I have read other mommy columnists who wax nostalgic about their playtime with Barbie, passing on the tradition with their little girls and having a ball. The little shoes, the Corvette, the Dream House! It's all very alluring, very ... pink. What's not to like? I mean, I had a Brooke Shields Barbie doll when I was young and she was loads of fun!

Then one day my oldest son (a big second-grader at the time) came up to me with a half-naked Barbie doll in his hands and said to me sternly, "Mom, I don't think this is an appropriate toy." He had just had a fatherly talk with my husband about what is "appropriate" and what is "a poison worse than the black plague of death itself and should be avoided at all costs, lest it rot your mind like an unstoppable rebel force."

He was right. Half-naked buxom blondes littering the toy chest are not appropriate for my boys. It's just a fact of life that Barbie dolls spend 70 percent of their time either half-clad or not clad at all. Oh, it's all very innocent, of course. Those tiny clothes are really hard for little fingers to put on. Heck, it takes me the better part of 10 minutes to get Barbie ready for her hot date with Ken.

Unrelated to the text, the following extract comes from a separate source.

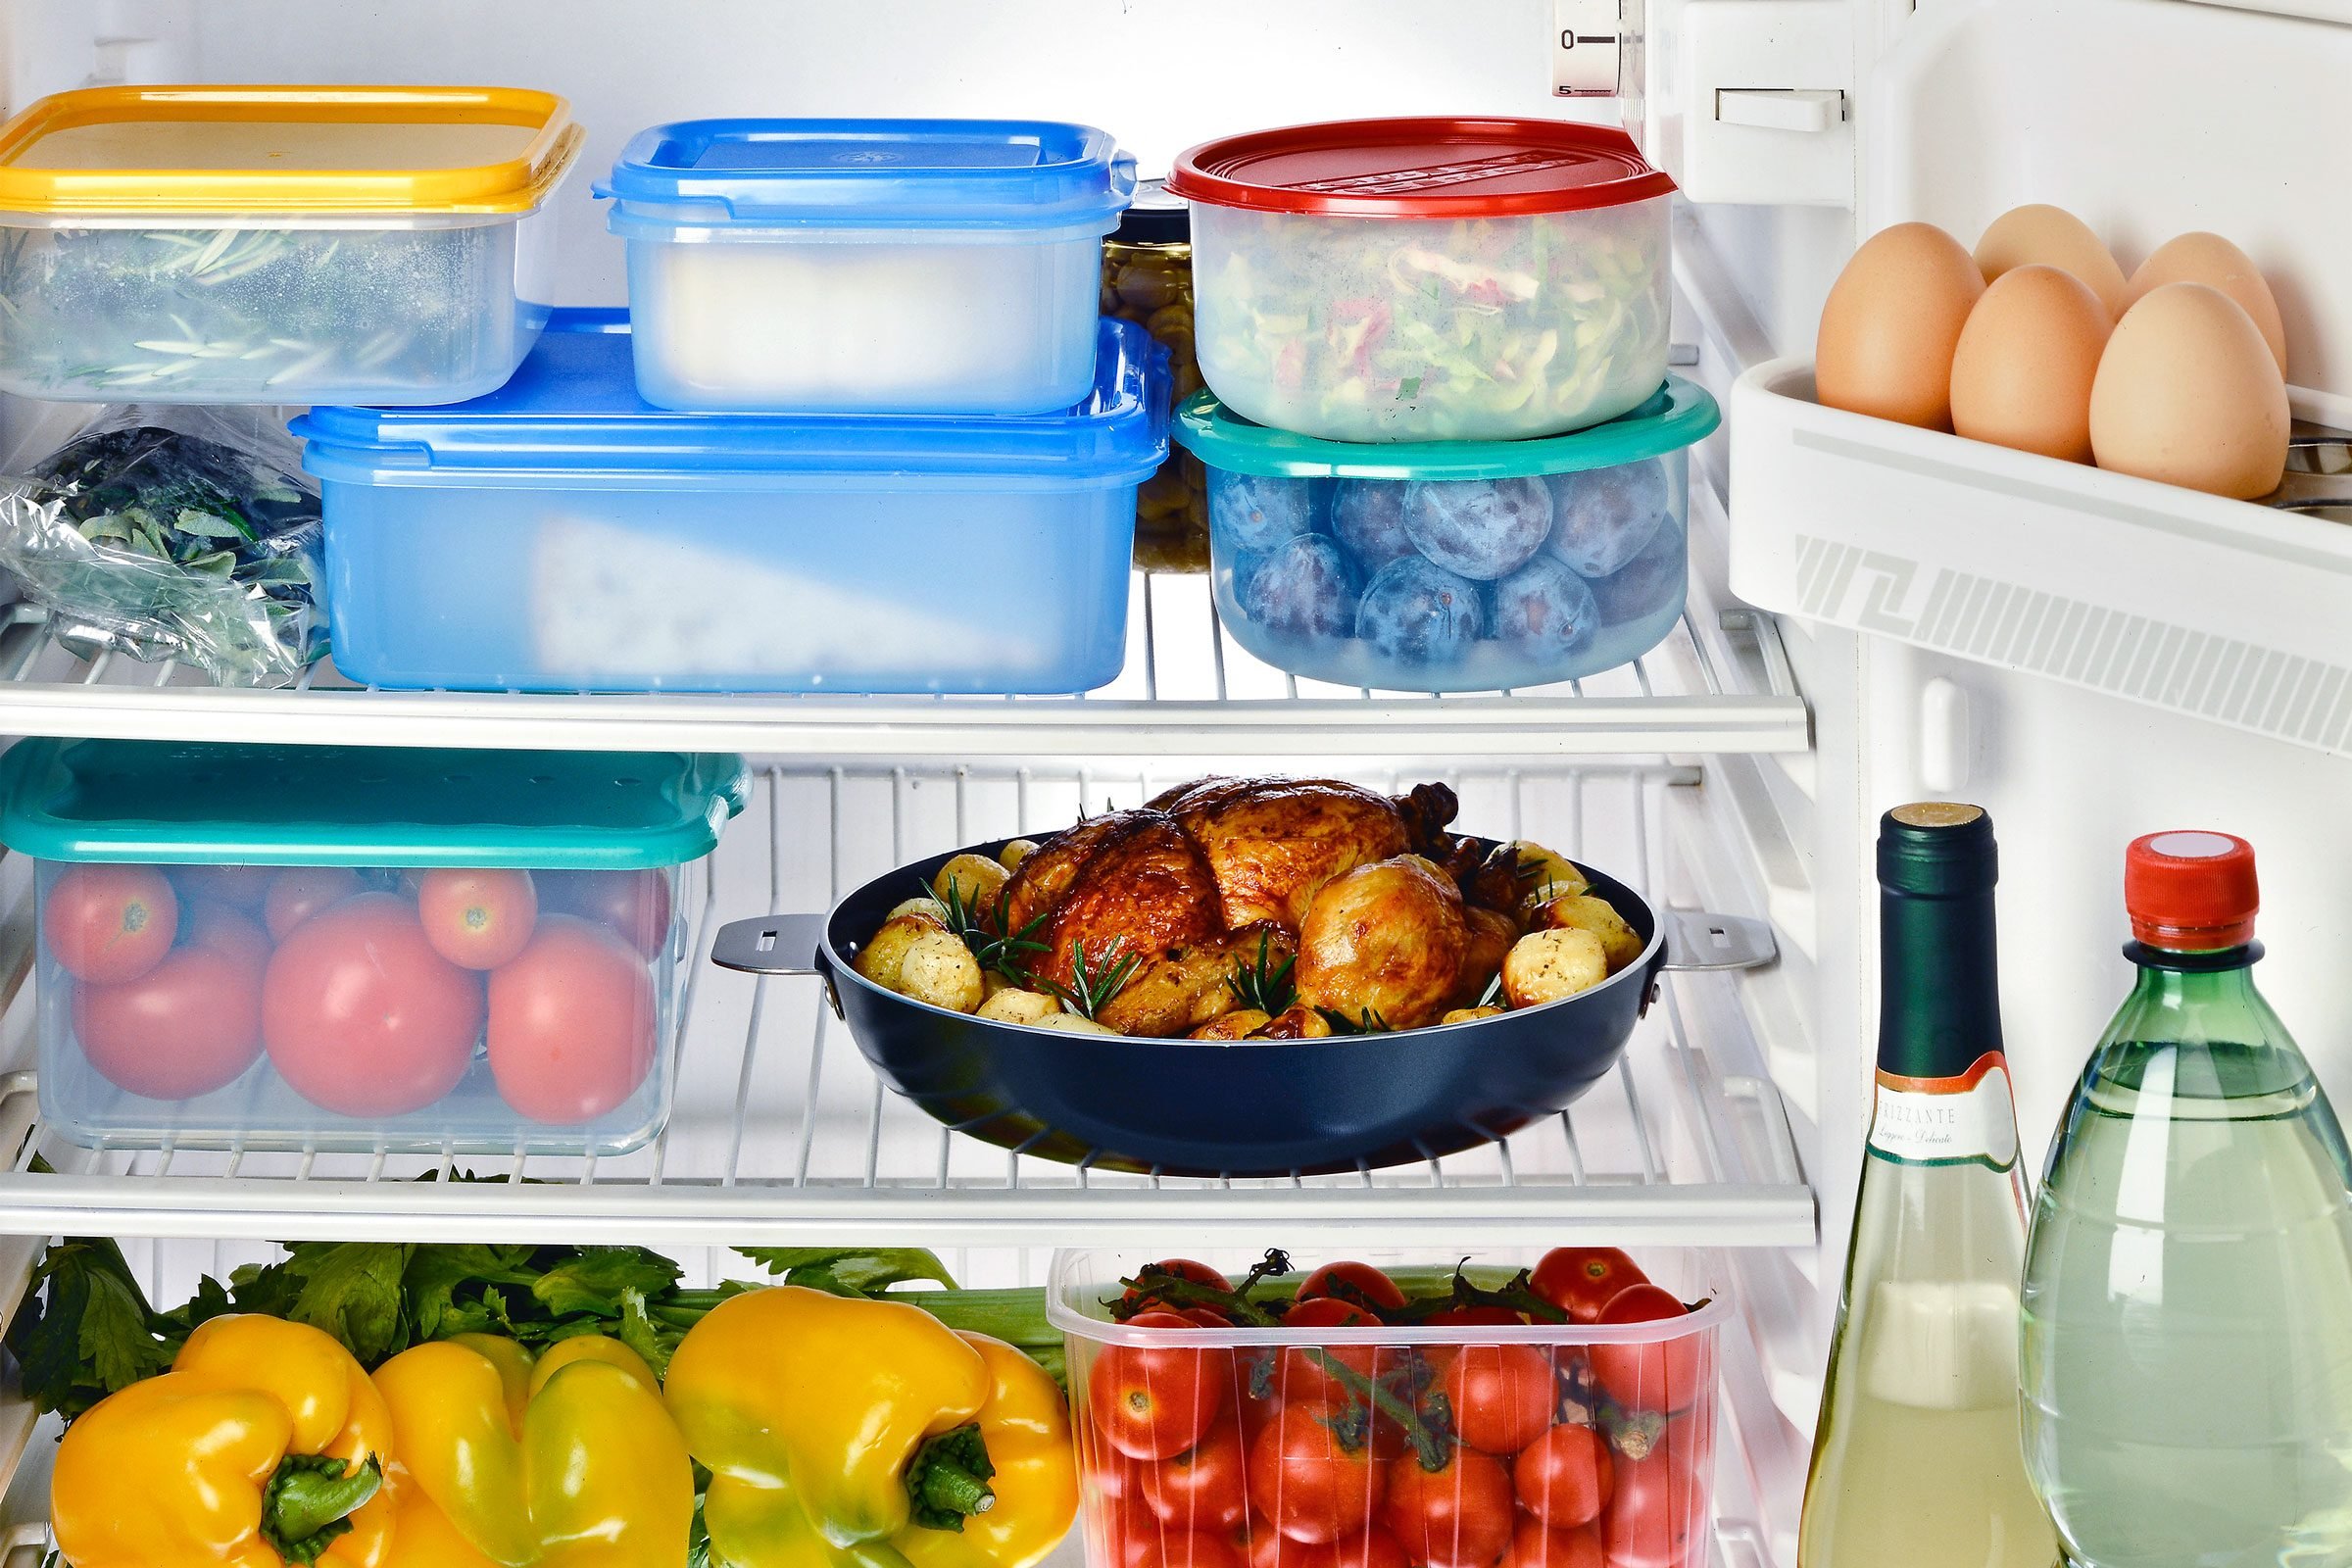 https://www.rd.com/wp-content/uploads/2022/11/assortment-of-food-in-open-refrigerator-GettyImages-486196614-MLedit.jpg

How can I expect uncoordinated, chubby hands to wrestle on those microscopic rags and keep her plunging neckline and bare midriff Velcroed up all the time?

I know for families of girls, Barbies are a lifeline, an institution even. But that is not my family. My daughters are surrounded by brothers. Hot-blooded, American boys who should not be put into tough, compromising spots every time they're rooting around the playroom on a quest to find that one LEGO piece to complete their set.

In a bold, brazen move, I banned Barbie dolls from our house. (We kept the Barbie movies, though ... and I'm not embarrassed to tell you my daughter and I know all the words to "I Need to Know" from "Barbie Island Princess." The harmony, too.)

I searched online and found alternative 9-inch dolls we love, namely "Only Hearts Club" dolls. These dolls are girls, not women, and feature a much more modest wardrobe for my girls to emulate. They're not old enough to drive (no Corvette), or date (no Ken). But then, neither are my girls! Instead they ride horses, take good care of their pets and look forward to the day when they're finally old enough to babysit. Just right.

Our playroom may still be a mess, and there are LEGO pieces we've resigned we'll never find, but I believe making conscientious choices about playtime helps make our home our very own Dream House.